[What you should do]:
Starting at the line that contains "Bright green and" and ending at the line that contains "Mobile app security - what you need to know", the lines below are to be given again exactly, with nothing added.

[Provided records]:

- - - - - - -

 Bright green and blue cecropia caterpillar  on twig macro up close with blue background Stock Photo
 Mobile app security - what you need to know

- - - - - - -

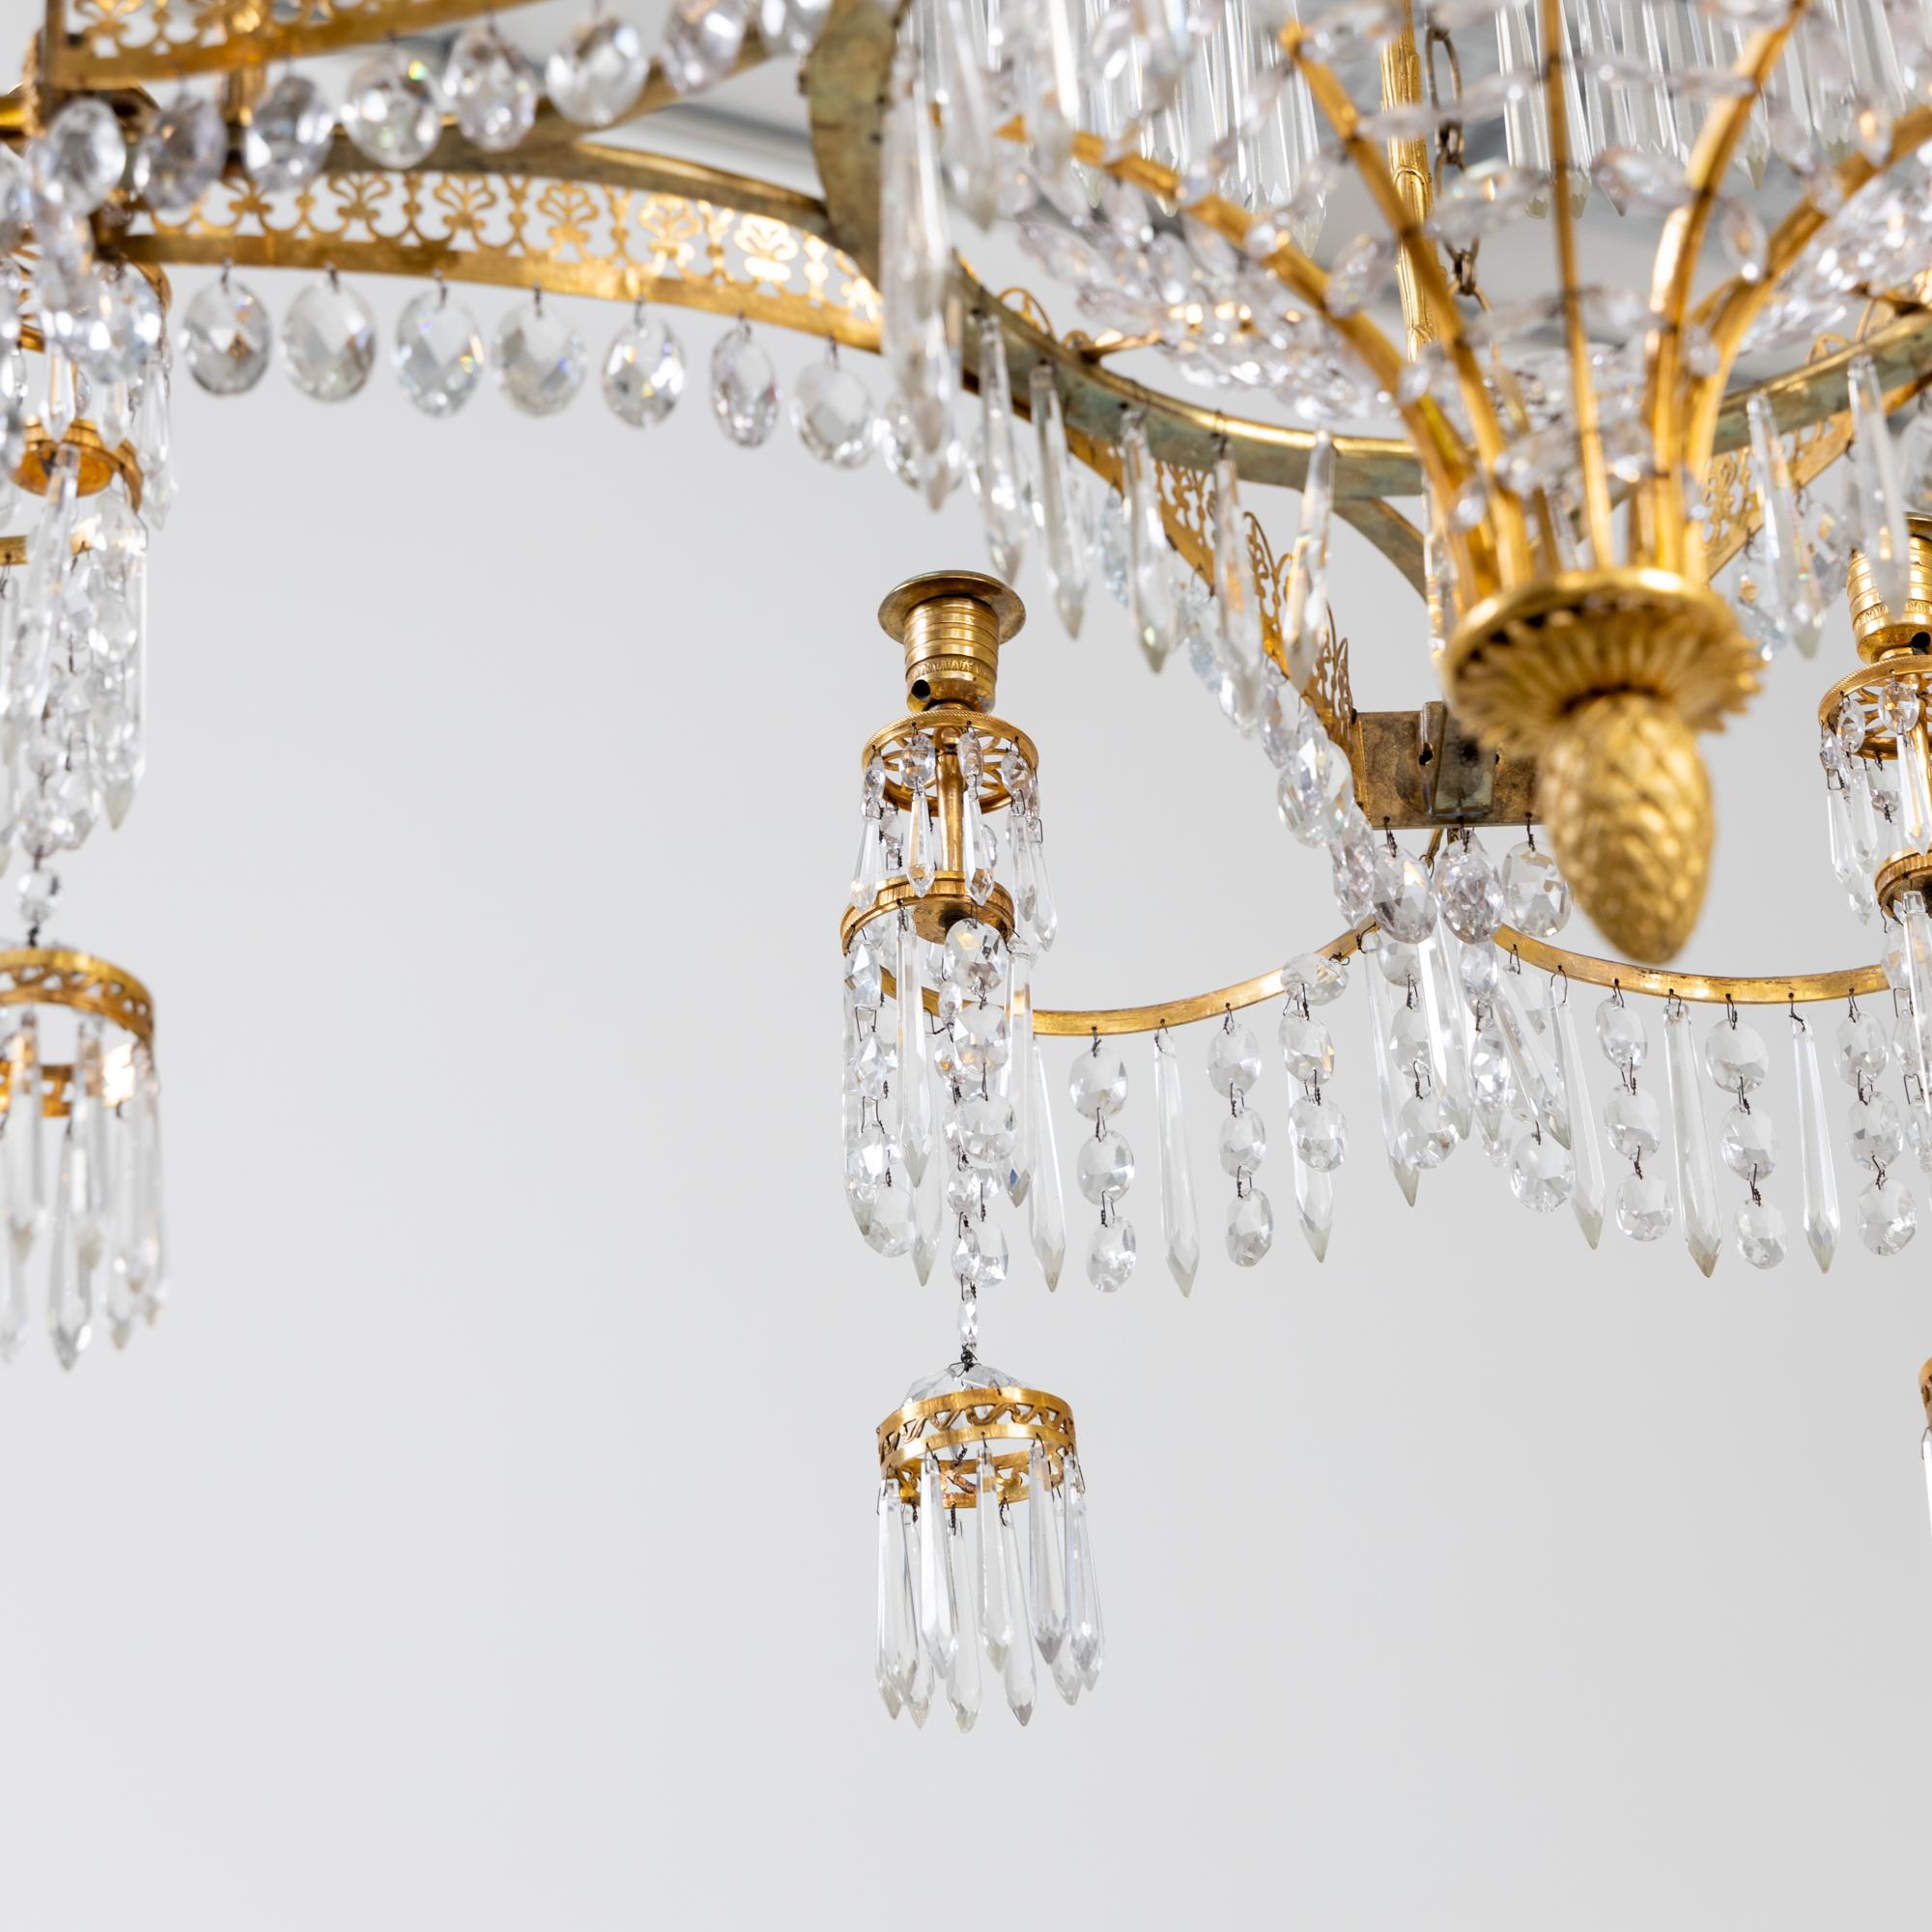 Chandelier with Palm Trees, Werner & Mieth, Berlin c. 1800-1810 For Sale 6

- - - - - - -

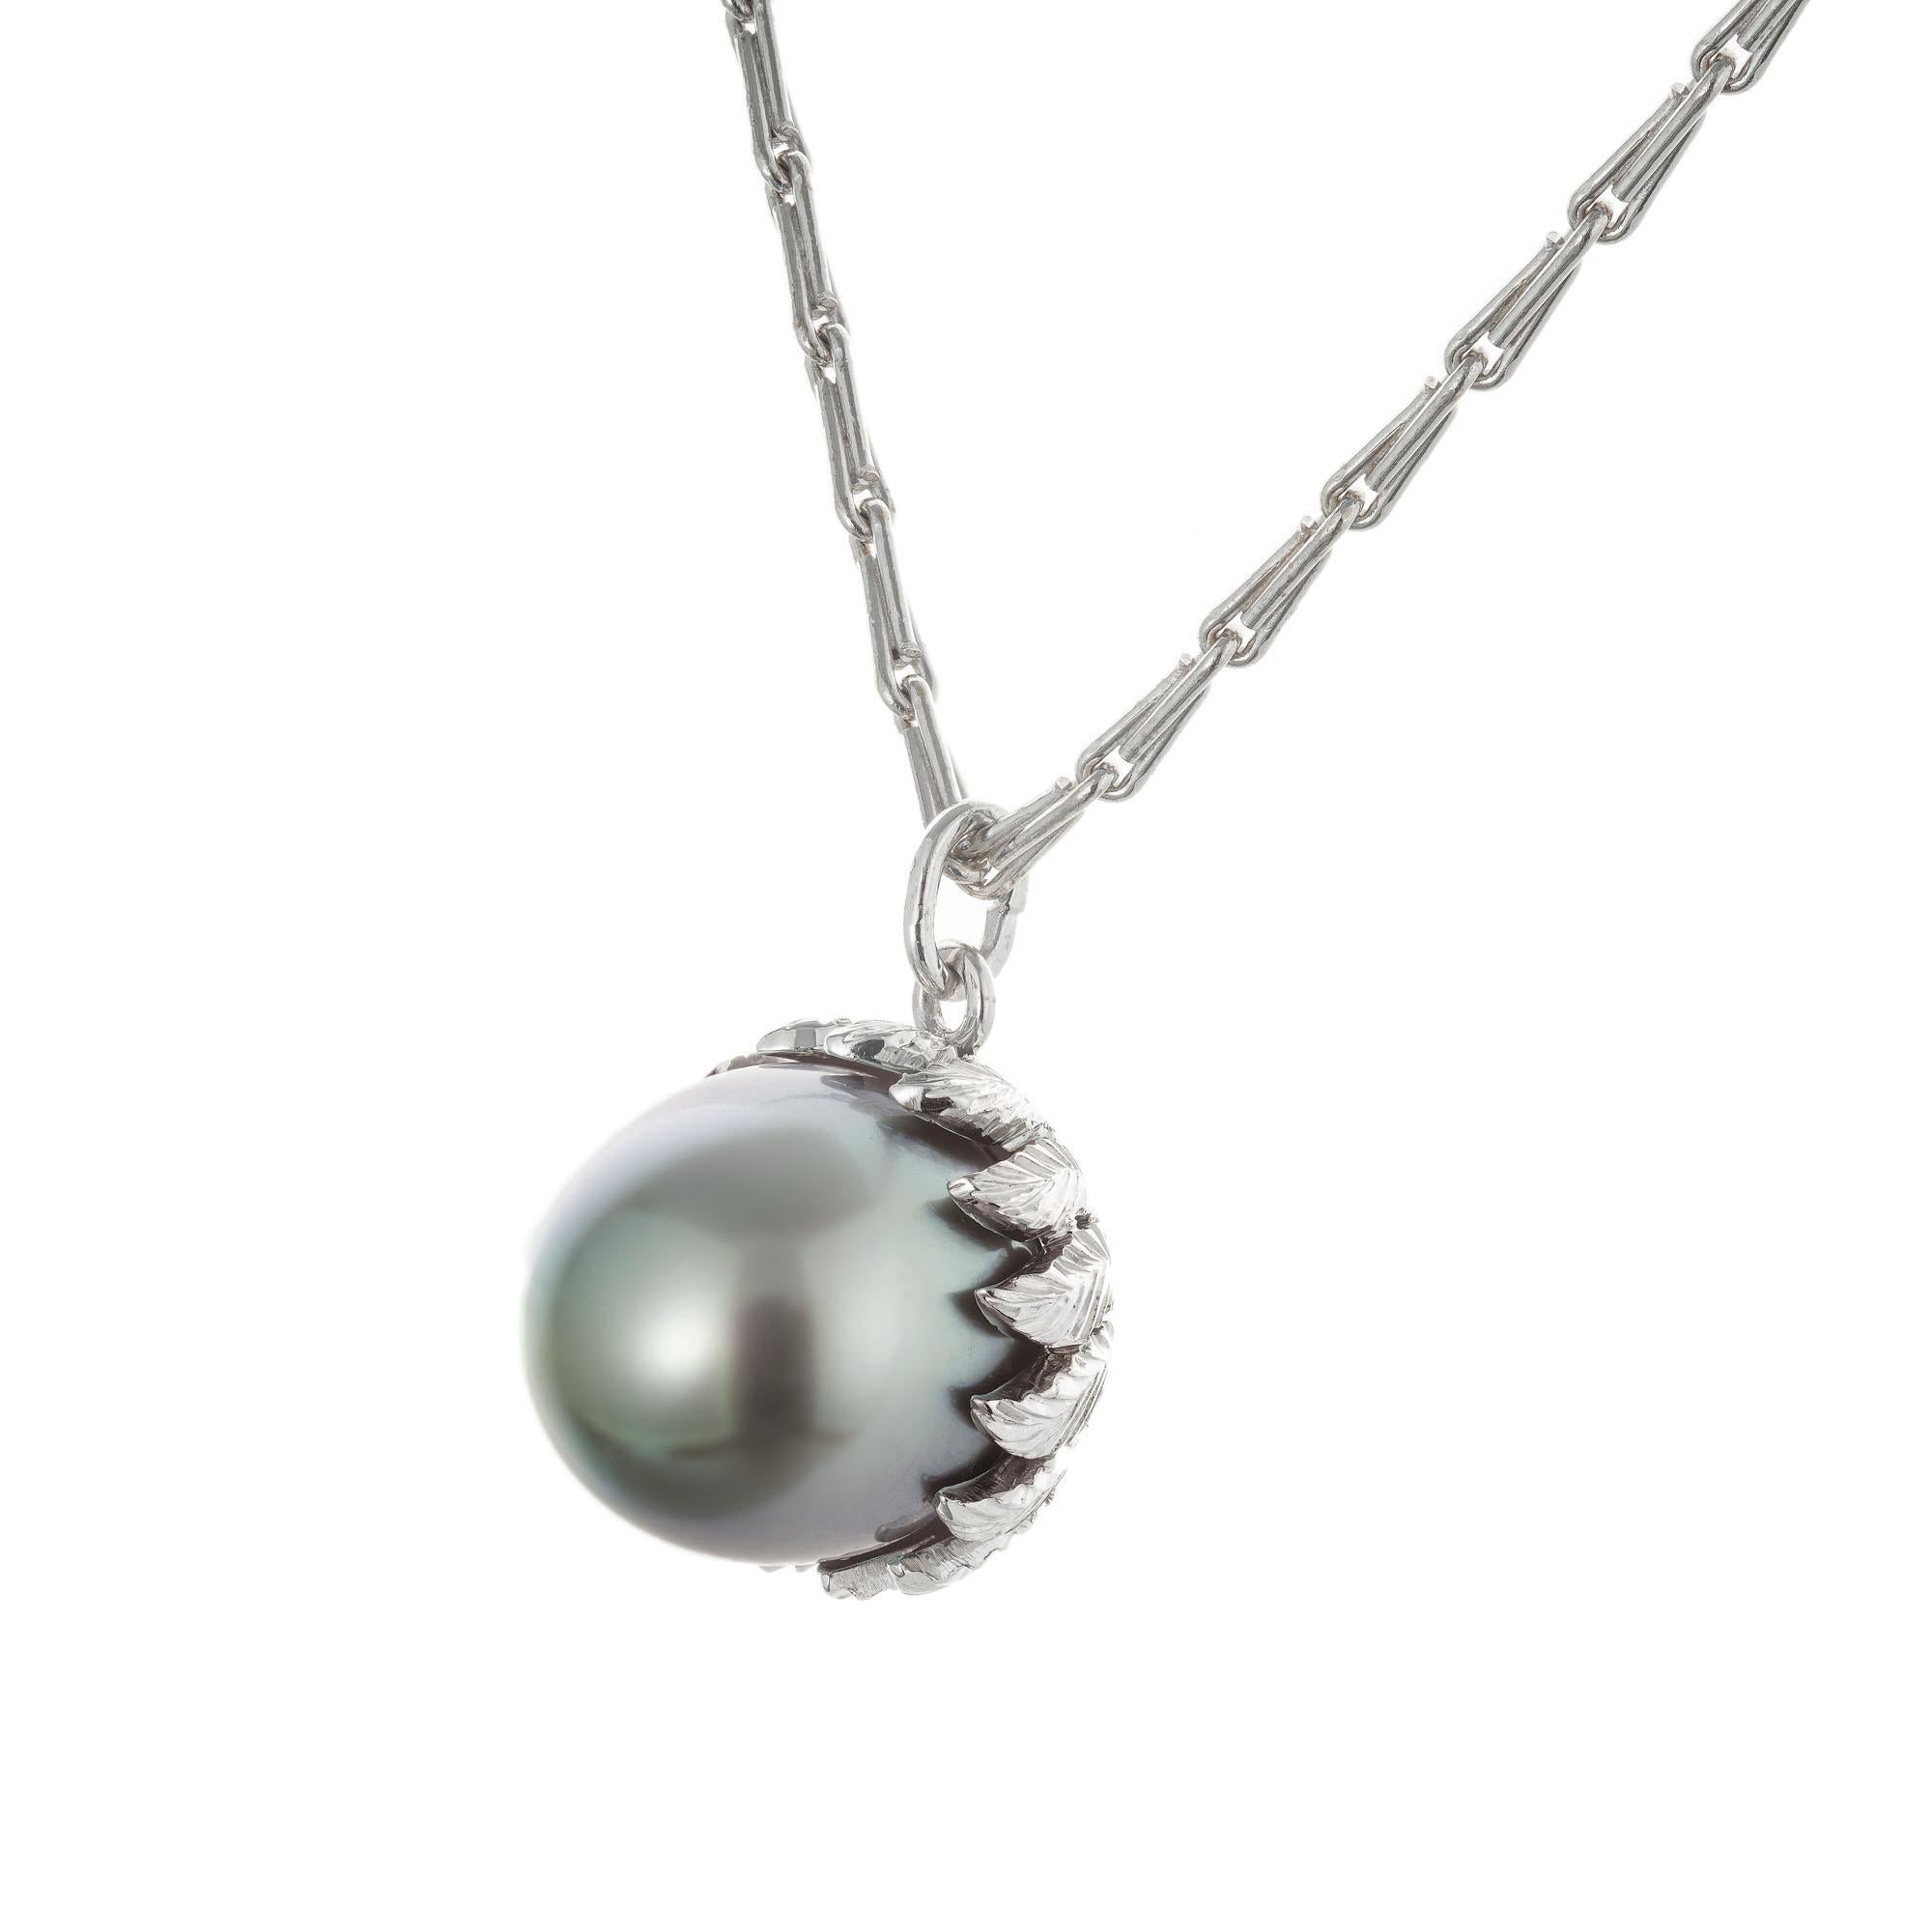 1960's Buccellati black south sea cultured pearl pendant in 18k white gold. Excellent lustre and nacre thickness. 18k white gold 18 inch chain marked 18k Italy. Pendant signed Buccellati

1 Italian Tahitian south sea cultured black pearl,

- - - - - - -

[Output of the exercise]:
 Bright green and blue cecropia caterpillar  on twig macro up close with blue background Stock Photo
 Mobile app security - what you need to know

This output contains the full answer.